During the negotiations preceding the formation of the joint venture entity, Roots was represented by McReynolds, and the Bauermeisters were represented by their family attorney, Seymour Katz. Katz advised the Bauermeisters that once formed, the joint venture should be represented by McReynolds due to his considerable expertise in this area. Accordingly, the joint venture hired the law firm of Croker, Huck & McReynolds to represent it on an hourly fee basis.

From 1985 to 1987, the joint venture worked to obtain approval for the operation of a private landfill on the Bauermeister-Deaver property. This effort was unsuccessful in siting a landfill; however, the joint venture did obtain composting and recycling permits. During this period, Robert Bauermeister was primarily involved in pursuing the joint venture's interest on behalf of the Bauermeister family. Further, the joint venture agreement contemplated the formation of a corporation, Resource Recycling, to facilitate the operation of any landfill sited.

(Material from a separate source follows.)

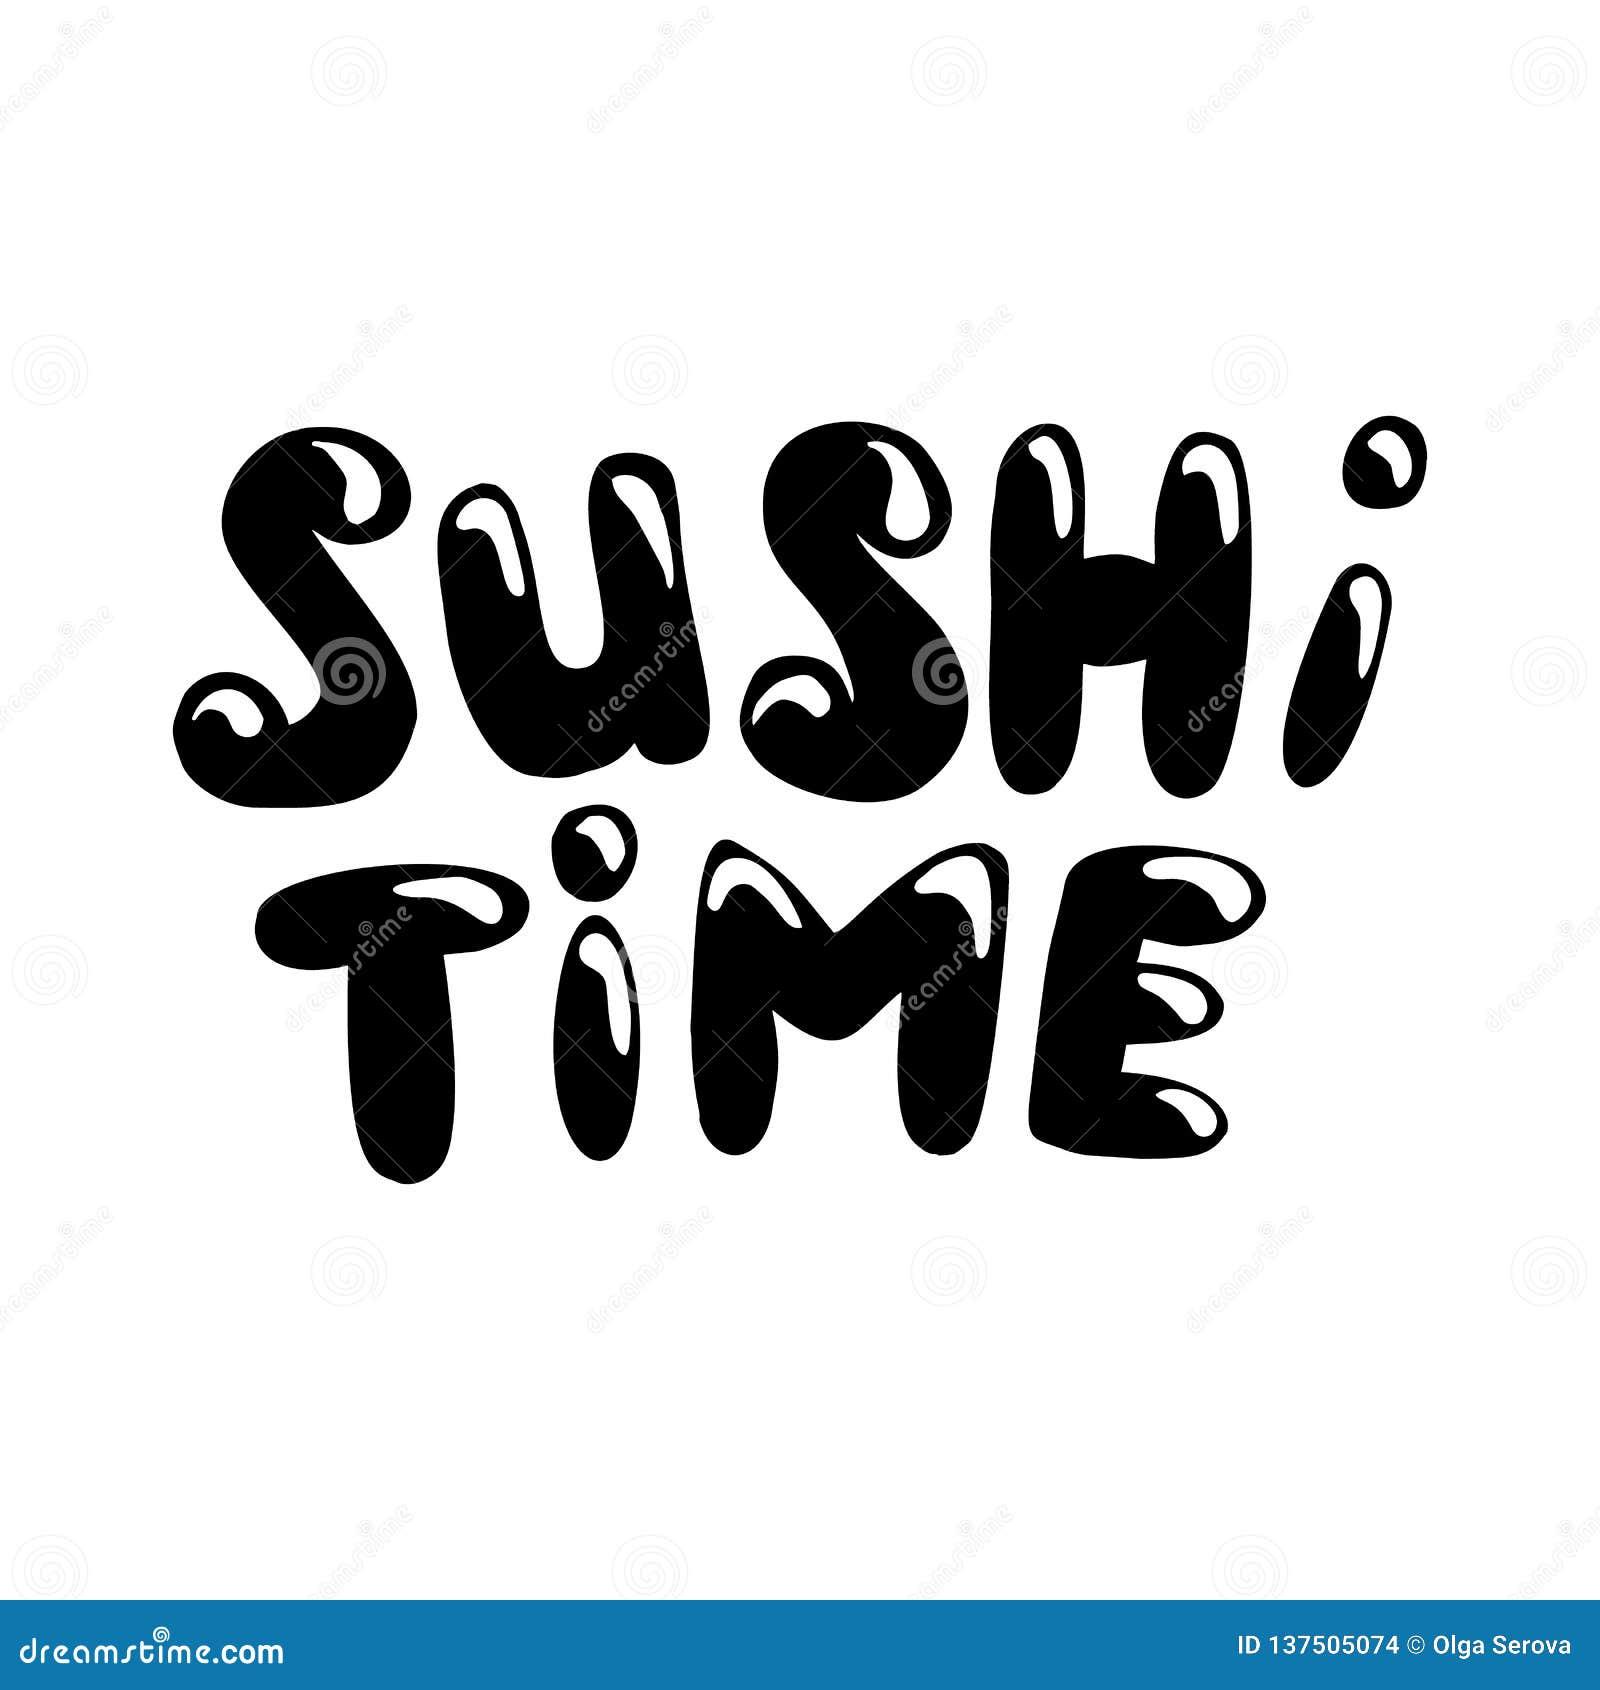 Sushi time lettering
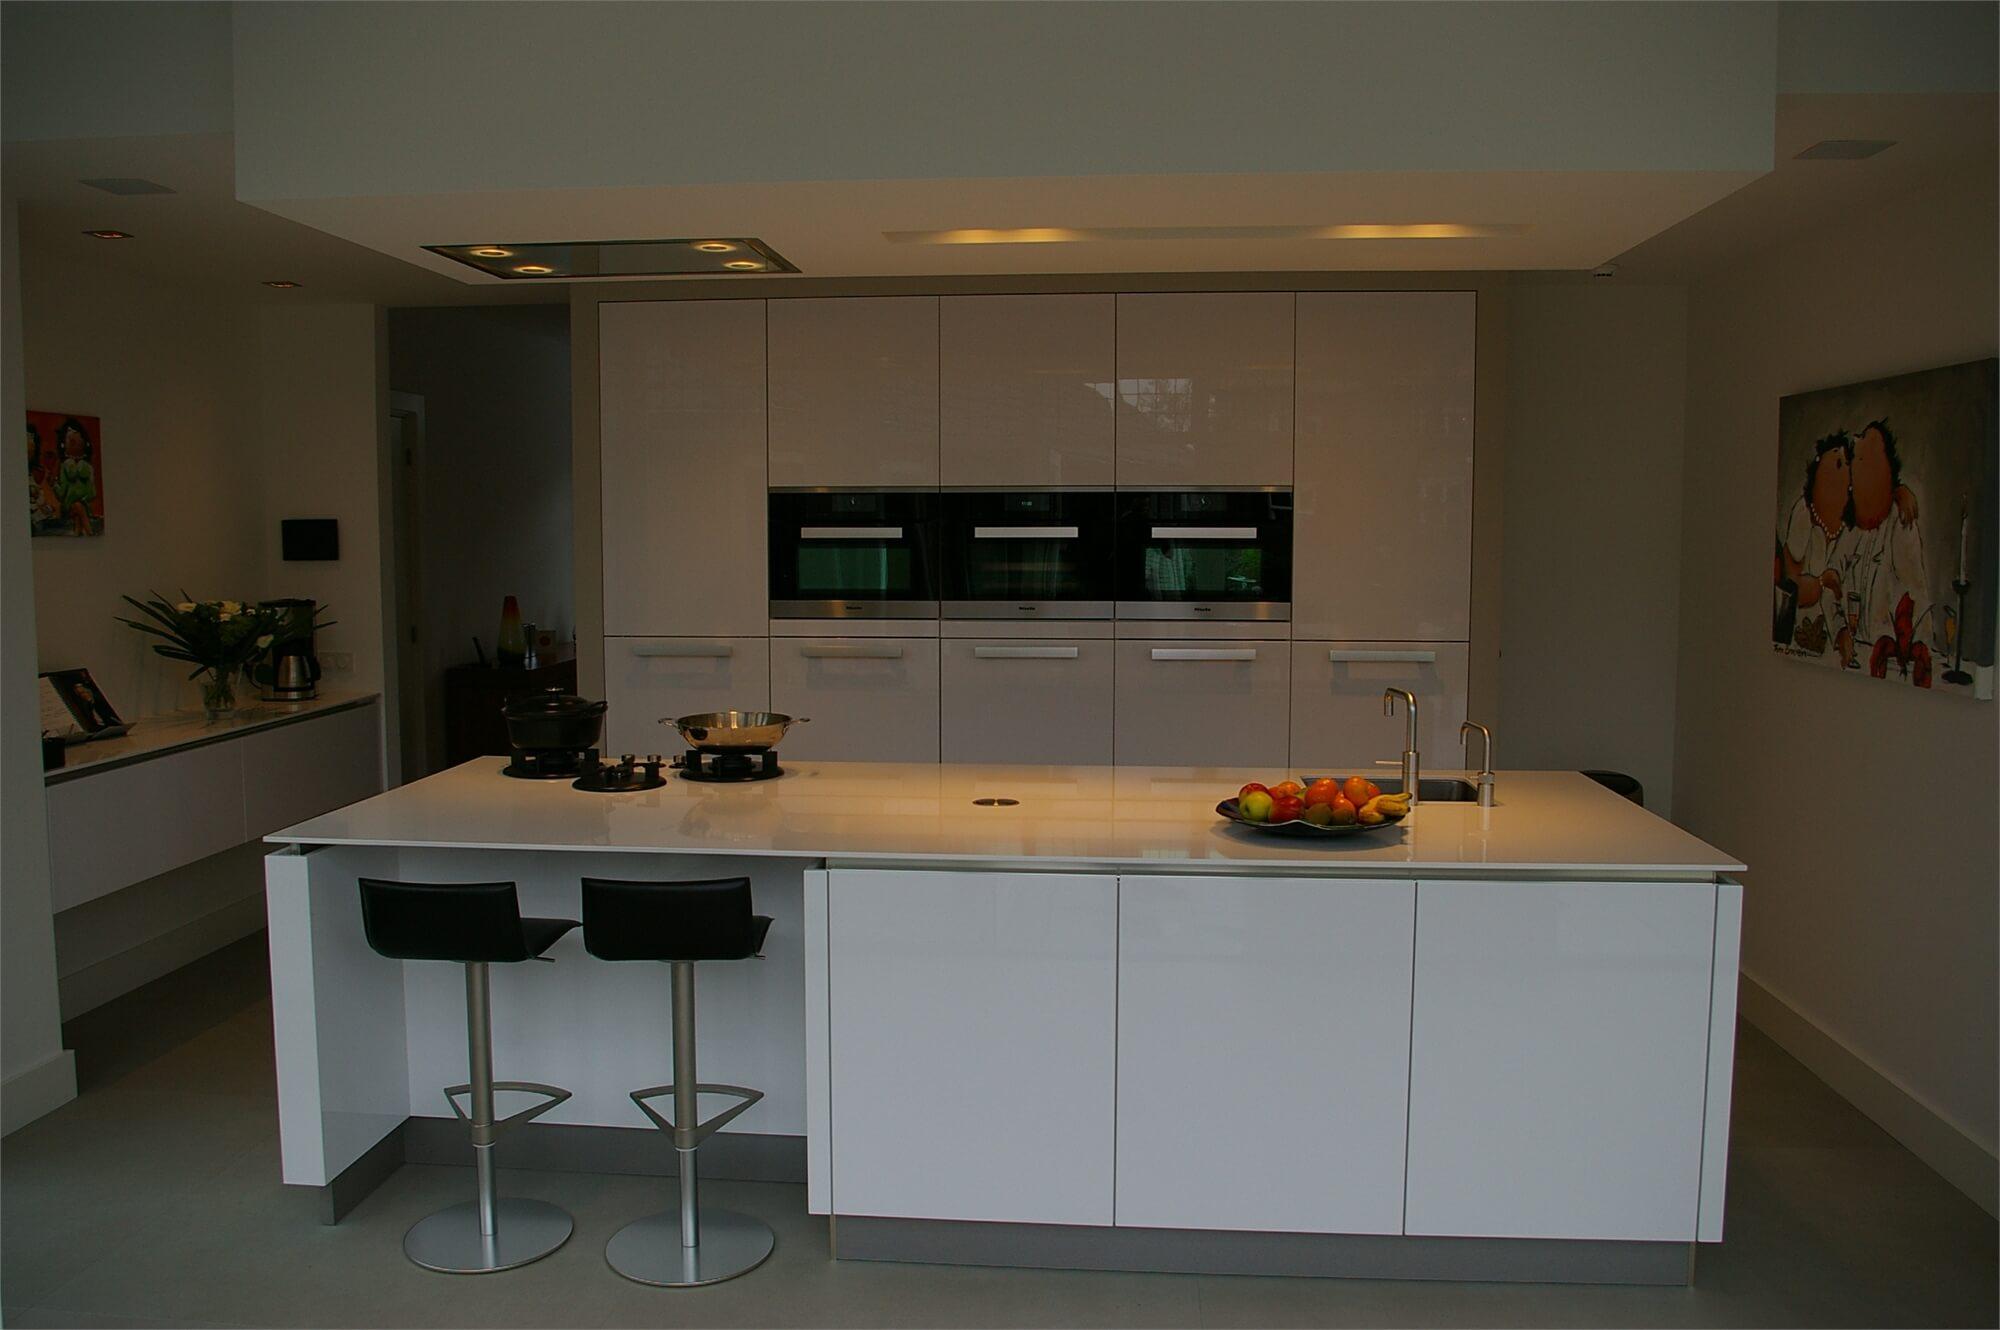 Moderne maatwerkkeukens manders keukens - Keuken uitgerust m ...

In early 1988, Douglas County's need for landfill space had become more acute. In January, Roots again approached McReynolds and his partner, Robert Huck, but this time with the idea of siting a public landfill on the Bauermeister property operated by Resource Recycling. McReynolds and Huck were hesitant to assist Roots in his renewed attempt to site a landfill on the Bauermeister property, as the joint venture still owed Croker Huck $42,000 in legal fees from the previous effort. Furthermore, substantial legal assistance would be needed to site a public landfill on the Bauermeister property, and Roots and the Bauermeisters were unwilling and unable to pay for continuing legal services on an hourly fee basis.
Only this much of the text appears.